> EXERCISE REQUIREMENTS
Set down all the records below, word for word.

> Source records
#####
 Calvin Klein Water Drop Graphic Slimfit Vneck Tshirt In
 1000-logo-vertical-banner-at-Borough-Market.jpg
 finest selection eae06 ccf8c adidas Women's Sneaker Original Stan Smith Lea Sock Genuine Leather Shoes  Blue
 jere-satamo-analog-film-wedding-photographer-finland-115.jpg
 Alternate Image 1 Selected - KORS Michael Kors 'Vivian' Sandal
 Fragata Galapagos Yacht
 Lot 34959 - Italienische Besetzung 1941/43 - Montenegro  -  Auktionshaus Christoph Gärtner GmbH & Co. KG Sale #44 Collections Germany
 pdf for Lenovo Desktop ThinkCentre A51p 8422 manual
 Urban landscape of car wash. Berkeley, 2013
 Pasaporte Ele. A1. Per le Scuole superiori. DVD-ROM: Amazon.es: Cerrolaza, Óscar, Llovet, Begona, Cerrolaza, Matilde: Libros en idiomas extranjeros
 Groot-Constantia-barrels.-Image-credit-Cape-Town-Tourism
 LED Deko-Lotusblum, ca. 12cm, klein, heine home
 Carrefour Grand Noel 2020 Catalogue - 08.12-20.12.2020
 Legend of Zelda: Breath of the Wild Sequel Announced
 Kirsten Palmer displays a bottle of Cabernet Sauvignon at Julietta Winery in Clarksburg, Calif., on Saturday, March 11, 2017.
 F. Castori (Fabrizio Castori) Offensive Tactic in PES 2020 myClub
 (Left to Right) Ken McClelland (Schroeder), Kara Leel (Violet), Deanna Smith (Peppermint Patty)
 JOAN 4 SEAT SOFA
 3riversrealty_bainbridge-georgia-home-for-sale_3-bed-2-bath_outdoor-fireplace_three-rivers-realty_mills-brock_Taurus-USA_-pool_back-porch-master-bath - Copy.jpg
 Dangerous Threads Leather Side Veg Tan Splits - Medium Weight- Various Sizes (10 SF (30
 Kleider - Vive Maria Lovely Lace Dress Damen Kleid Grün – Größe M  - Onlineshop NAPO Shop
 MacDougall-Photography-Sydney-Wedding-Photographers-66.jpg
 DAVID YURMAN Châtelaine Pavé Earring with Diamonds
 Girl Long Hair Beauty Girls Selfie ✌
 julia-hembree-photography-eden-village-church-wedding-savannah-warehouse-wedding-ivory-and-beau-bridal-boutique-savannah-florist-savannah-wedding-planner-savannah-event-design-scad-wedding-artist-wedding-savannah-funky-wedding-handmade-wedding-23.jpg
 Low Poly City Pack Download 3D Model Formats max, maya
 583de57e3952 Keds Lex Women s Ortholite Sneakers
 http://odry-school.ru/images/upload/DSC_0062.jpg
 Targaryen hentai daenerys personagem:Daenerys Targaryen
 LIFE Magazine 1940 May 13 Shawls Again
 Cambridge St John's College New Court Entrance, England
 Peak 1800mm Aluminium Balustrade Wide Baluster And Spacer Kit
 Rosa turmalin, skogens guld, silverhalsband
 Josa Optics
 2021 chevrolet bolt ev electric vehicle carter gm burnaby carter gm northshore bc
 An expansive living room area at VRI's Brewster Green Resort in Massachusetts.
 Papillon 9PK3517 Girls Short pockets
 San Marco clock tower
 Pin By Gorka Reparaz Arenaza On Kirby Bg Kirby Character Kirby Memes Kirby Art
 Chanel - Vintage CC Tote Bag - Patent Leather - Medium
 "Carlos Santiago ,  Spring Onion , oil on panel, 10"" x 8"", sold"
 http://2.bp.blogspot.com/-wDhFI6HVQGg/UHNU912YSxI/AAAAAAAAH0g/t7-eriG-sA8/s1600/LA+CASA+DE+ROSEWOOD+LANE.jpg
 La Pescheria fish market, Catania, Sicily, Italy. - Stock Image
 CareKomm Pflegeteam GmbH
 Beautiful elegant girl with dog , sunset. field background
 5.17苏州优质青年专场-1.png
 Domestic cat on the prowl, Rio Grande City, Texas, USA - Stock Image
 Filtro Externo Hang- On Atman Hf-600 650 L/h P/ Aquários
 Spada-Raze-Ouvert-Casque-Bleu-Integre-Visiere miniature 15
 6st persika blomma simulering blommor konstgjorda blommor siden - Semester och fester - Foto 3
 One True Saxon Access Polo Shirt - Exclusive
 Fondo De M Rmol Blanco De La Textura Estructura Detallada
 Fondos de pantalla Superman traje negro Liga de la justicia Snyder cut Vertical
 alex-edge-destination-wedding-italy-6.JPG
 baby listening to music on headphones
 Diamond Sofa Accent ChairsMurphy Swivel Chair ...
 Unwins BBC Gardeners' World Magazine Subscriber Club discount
#####
> FINISHED TASK
 Calvin Klein Water Drop Graphic Slimfit Vneck Tshirt In
 1000-logo-vertical-banner-at-Borough-Market.jpg
 finest selection eae06 ccf8c adidas Women's Sneaker Original Stan Smith Lea Sock Genuine Leather Shoes  Blue
 jere-satamo-analog-film-wedding-photographer-finland-115.jpg
 Alternate Image 1 Selected - KORS Michael Kors 'Vivian' Sandal
 Fragata Galapagos Yacht
 Lot 34959 - Italienische Besetzung 1941/43 - Montenegro  -  Auktionshaus Christoph Gärtner GmbH & Co. KG Sale #44 Collections Germany
 pdf for Lenovo Desktop ThinkCentre A51p 8422 manual
 Urban landscape of car wash. Berkeley, 2013
 Pasaporte Ele. A1. Per le Scuole superiori. DVD-ROM: Amazon.es: Cerrolaza, Óscar, Llovet, Begona, Cerrolaza, Matilde: Libros en idiomas extranjeros
 Groot-Constantia-barrels.-Image-credit-Cape-Town-Tourism
 LED Deko-Lotusblum, ca. 12cm, klein, heine home
 Carrefour Grand Noel 2020 Catalogue - 08.12-20.12.2020
 Legend of Zelda: Breath of the Wild Sequel Announced
 Kirsten Palmer displays a bottle of Cabernet Sauvignon at Julietta Winery in Clarksburg, Calif., on Saturday, March 11, 2017.
 F. Castori (Fabrizio Castori) Offensive Tactic in PES 2020 myClub
 (Left to Right) Ken McClelland (Schroeder), Kara Leel (Violet), Deanna Smith (Peppermint Patty)
 JOAN 4 SEAT SOFA
 3riversrealty_bainbridge-georgia-home-for-sale_3-bed-2-bath_outdoor-fireplace_three-rivers-realty_mills-brock_Taurus-USA_-pool_back-porch-master-bath - Copy.jpg
 Dangerous Threads Leather Side Veg Tan Splits - Medium Weight- Various Sizes (10 SF (30
 Kleider - Vive Maria Lovely Lace Dress Damen Kleid Grün – Größe M  - Onlineshop NAPO Shop
 MacDougall-Photography-Sydney-Wedding-Photographers-66.jpg
 DAVID YURMAN Châtelaine Pavé Earring with Diamonds
 Girl Long Hair Beauty Girls Selfie ✌
 julia-hembree-photography-eden-village-church-wedding-savannah-warehouse-wedding-ivory-and-beau-bridal-boutique-savannah-florist-savannah-wedding-planner-savannah-event-design-scad-wedding-artist-wedding-savannah-funky-wedding-handmade-wedding-23.jpg
 Low Poly City Pack Download 3D Model Formats max, maya
 583de57e3952 Keds Lex Women s Ortholite Sneakers
 http://odry-school.ru/images/upload/DSC_0062.jpg
 Targaryen hentai daenerys personagem:Daenerys Targaryen
 LIFE Magazine 1940 May 13 Shawls Again
 Cambridge St John's College New Court Entrance, England
 Peak 1800mm Aluminium Balustrade Wide Baluster And Spacer Kit
 Rosa turmalin, skogens guld, silverhalsband
 Josa Optics
 2021 chevrolet bolt ev electric vehicle carter gm burnaby carter gm northshore bc
 An expansive living room area at VRI's Brewster Green Resort in Massachusetts.
 Papillon 9PK3517 Girls Short pockets
 San Marco clock tower
 Pin By Gorka Reparaz Arenaza On Kirby Bg Kirby Character Kirby Memes Kirby Art
 Chanel - Vintage CC Tote Bag - Patent Leather - Medium
 "Carlos Santiago ,  Spring Onion , oil on panel, 10"" x 8"", sold"
 http://2.bp.blogspot.com/-wDhFI6HVQGg/UHNU912YSxI/AAAAAAAAH0g/t7-eriG-sA8/s1600/LA+CASA+DE+ROSEWOOD+LANE.jpg
 La Pescheria fish market, Catania, Sicily, Italy. - Stock Image
 CareKomm Pflegeteam GmbH
 Beautiful elegant girl with dog , sunset. field background
 5.17苏州优质青年专场-1.png
 Domestic cat on the prowl, Rio Grande City, Texas, USA - Stock Image
 Filtro Externo Hang- On Atman Hf-600 650 L/h P/ Aquários
 Spada-Raze-Ouvert-Casque-Bleu-Integre-Visiere miniature 15
 6st persika blomma simulering blommor konstgjorda blommor siden - Semester och fester - Foto 3
 One True Saxon Access Polo Shirt - Exclusive
 Fondo De M Rmol Blanco De La Textura Estructura Detallada
 Fondos de pantalla Superman traje negro Liga de la justicia Snyder cut Vertical
 alex-edge-destination-wedding-italy-6.JPG
 baby listening to music on headphones
 Diamond Sofa Accent ChairsMurphy Swivel Chair ...
 Unwins BBC Gardeners' World Magazine Subscriber Club discount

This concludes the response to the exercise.